Discussion in 'New teachers' started by minnieminx, Apr 6, 2011.

  1. minnieminx

    minnieminx New commenter

    If the parents of the good and hardworking kids think you are doing a great job, then sod the rest.

    Possibly there were no problems the parent knew about before you came, because the last teacher let them run riot?

    Concentrate on all the positive parents.
  2. Parents can smell NQTs, and as a new teacher they want to see how much they can get away with with you. They will try to push you to almost take control of you.

    I had a parent come in on my first day and try to lay out his expectations for how I would teach his son.
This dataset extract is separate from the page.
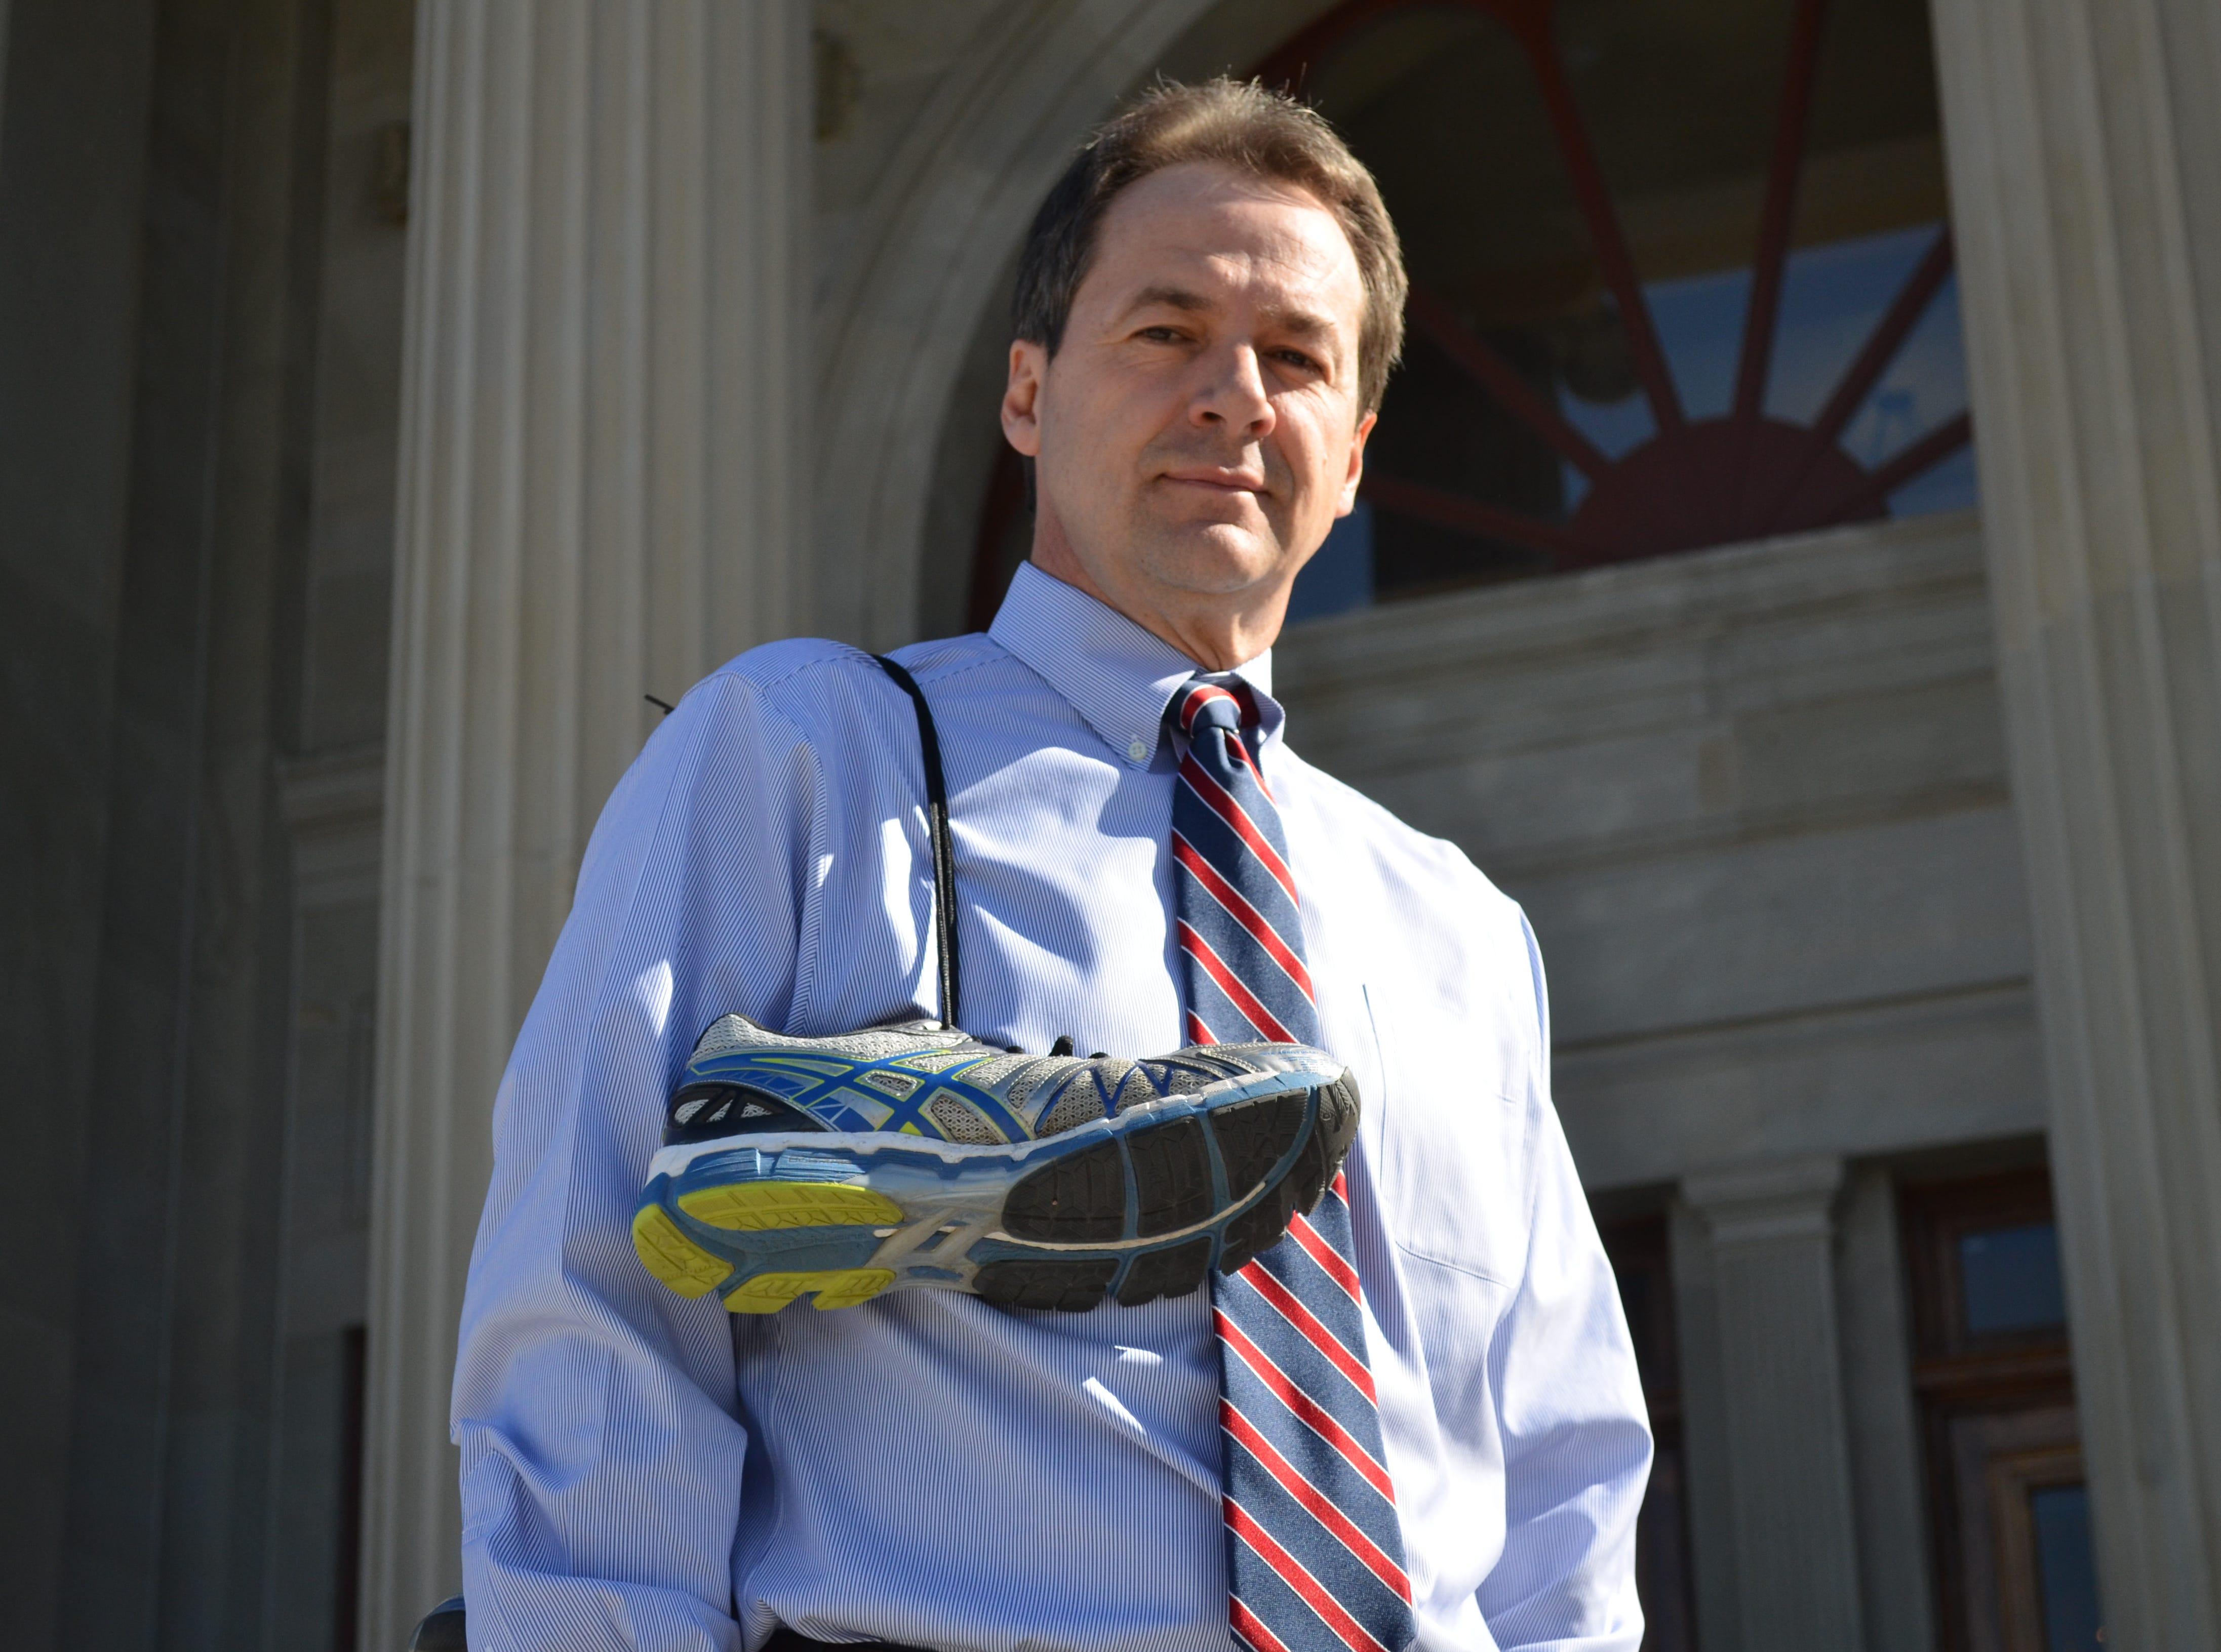 Gov. Steve Bullock prepares for Boston Marathon COURTESY PHOTO

I said thank you very much, here are my expectations as to how this relationship will continue, and made sure that he only saw me with a member of SLT present for the first term. Since then I have developed a better relationship with this parent (although he called me a liar to my face when his son received a sanction for hitting another child).
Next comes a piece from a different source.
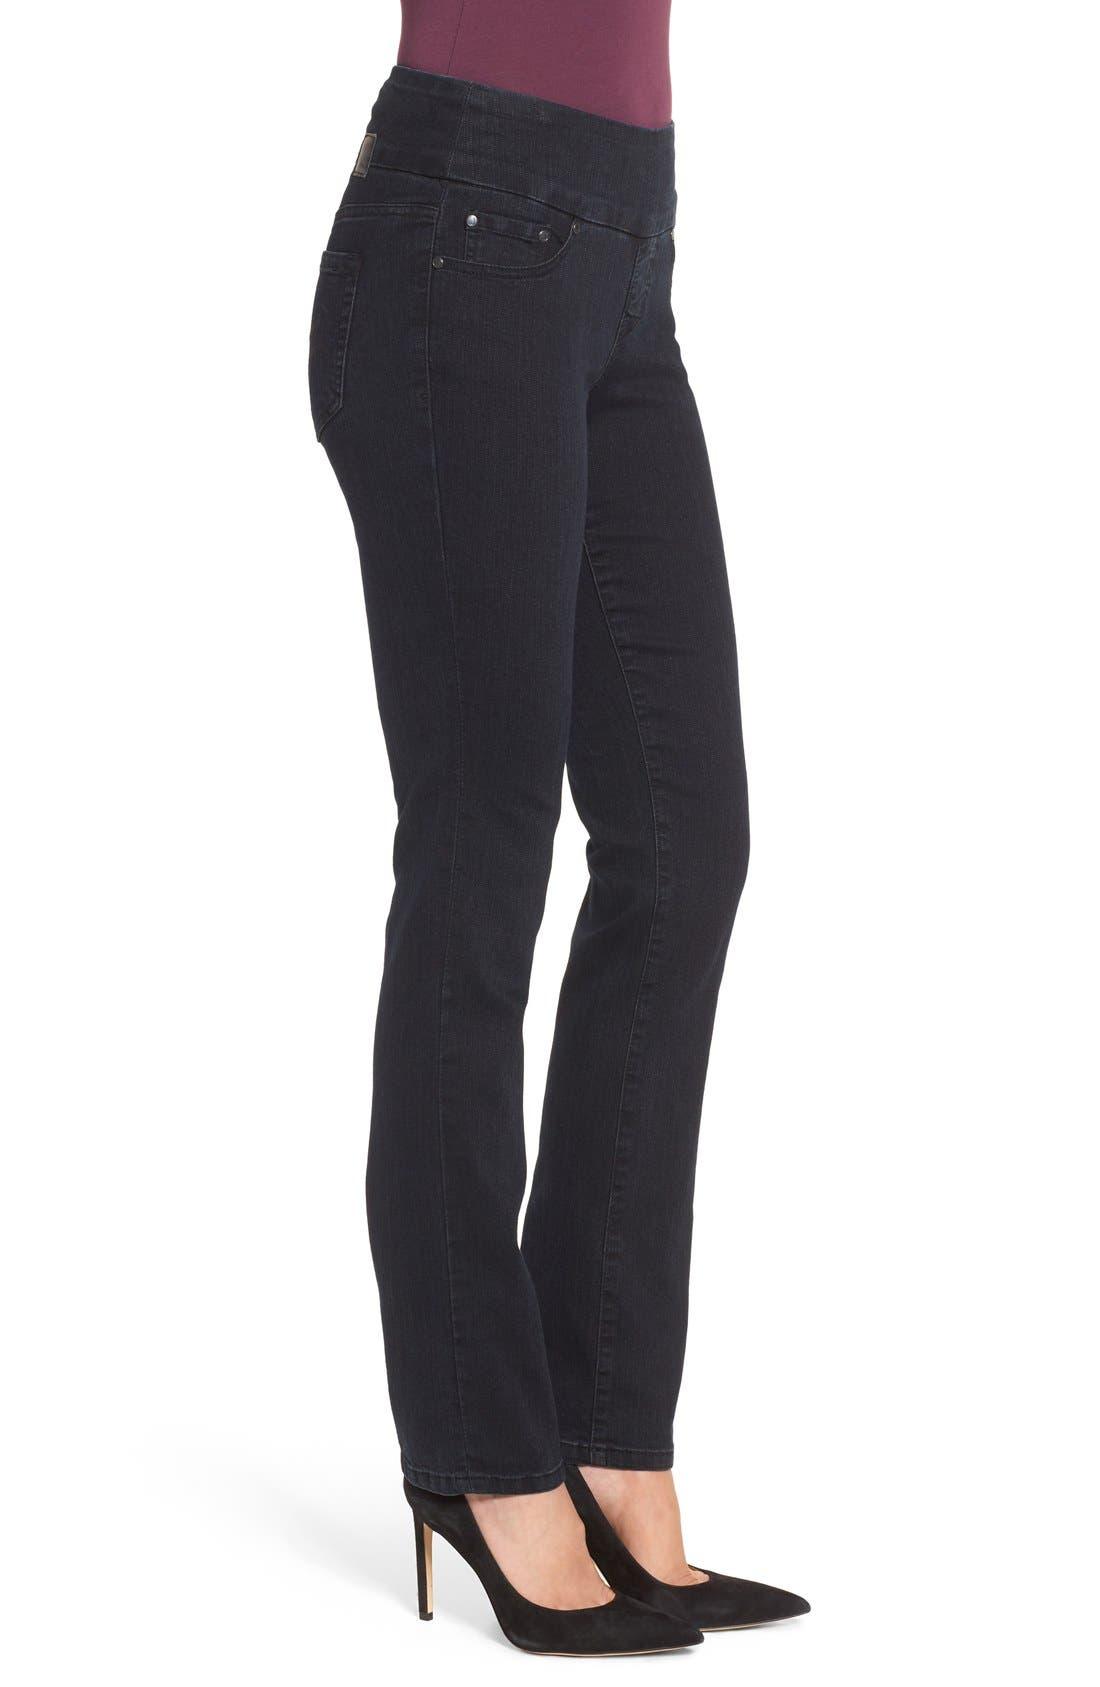 'Peri' Straight Leg Pull-On Jeans,                             Alternate thumbnail 4, color,                             001

    You just have to accept the fact that the parents are trying to push their luck because you are a new teacher. It's nothing personal, and it will eventually stop.

    Chin up.
  3. Dealing with parents is an issue for NQTs. My advice always is to concentrate on the probelm rather than the people - but of courses many parents prefer to make it about the person.
    Most parents don't like top think that their child can be a nightmare ion school and so they ofetn say, 'well he/she is an angel at home' - the fact is you don't know they may well be an angel at home if home is so repressive and punishing that they dare not step out of line for fear of a slap. So they come to school and then they ahve a freedon they don't have at home and they are little devils.
    Conversely at home they may also be a nightmare but the parent does not want to appear as if they cannot cope with their own child and so pretend that nothing is wrong.
    Ultimately you will never win the battle of the parent/angel child syndrome.
    So concentrate on the problem - e.g. the temper tantrums and the behaviour (documented) and ask the parent what their respoinse to such behaviour is andd how they would like you to deal with it.
    Often the parent cannot give advice as they know that teachers cannot jkust shout, sent to a bedroom or give a slap.
    Point out that you have set rules - that applyb to all pupils and that all pupils are treated fairly and equally. Say that you have expectations over behaviour and that with new teachers it is common for children to test the boundaroies until they get used to the new teacher's ways.
    Ask for their support as, ultimately what you want for them is what they want for them which is the best possible educational experiences.
  4. minnieminx

    minnieminx New commenter

    Forget the parents. You win some, you lose some.

    Look on the bright side:
    1 You have the support of your HT, some people work in schools with just this situation and a naff HT.
    2 You have a TA for the child to shout at sometimes.
    3 You won't have to teach this child next year.
    4 The parents refuse to come in. Much better than coming in daily and yelling at you.
    5 Other staff know what the situation is and are on your side.

    Send the child to the HT every single time he expresses a want to go. Do not get into an argument, just send them off with a note that expresses the child's request. Your HT sounds the sort who will soon put the child right on what will happen.
  5. Hello,
    I felt exactly the same as you when I was an NQT last year. I had a few parents who reduced me to tears. However, this year, I have developed a much thicker skin when dealing with parents. Like you, I have the support of my HT who is absolutely brilliant with difficult parents. This helps enormously. There will all be parents who aren't pleased - I had one this year who amongst other ridiculous complaints, said art lessons were a "waste of time because nobody learns anything in subjects like art." I just brushed it off!
    If you know you are doing a good job (which it sounds like you are!), you just have to try your best to remember the parents who are lovely and value what you are doing.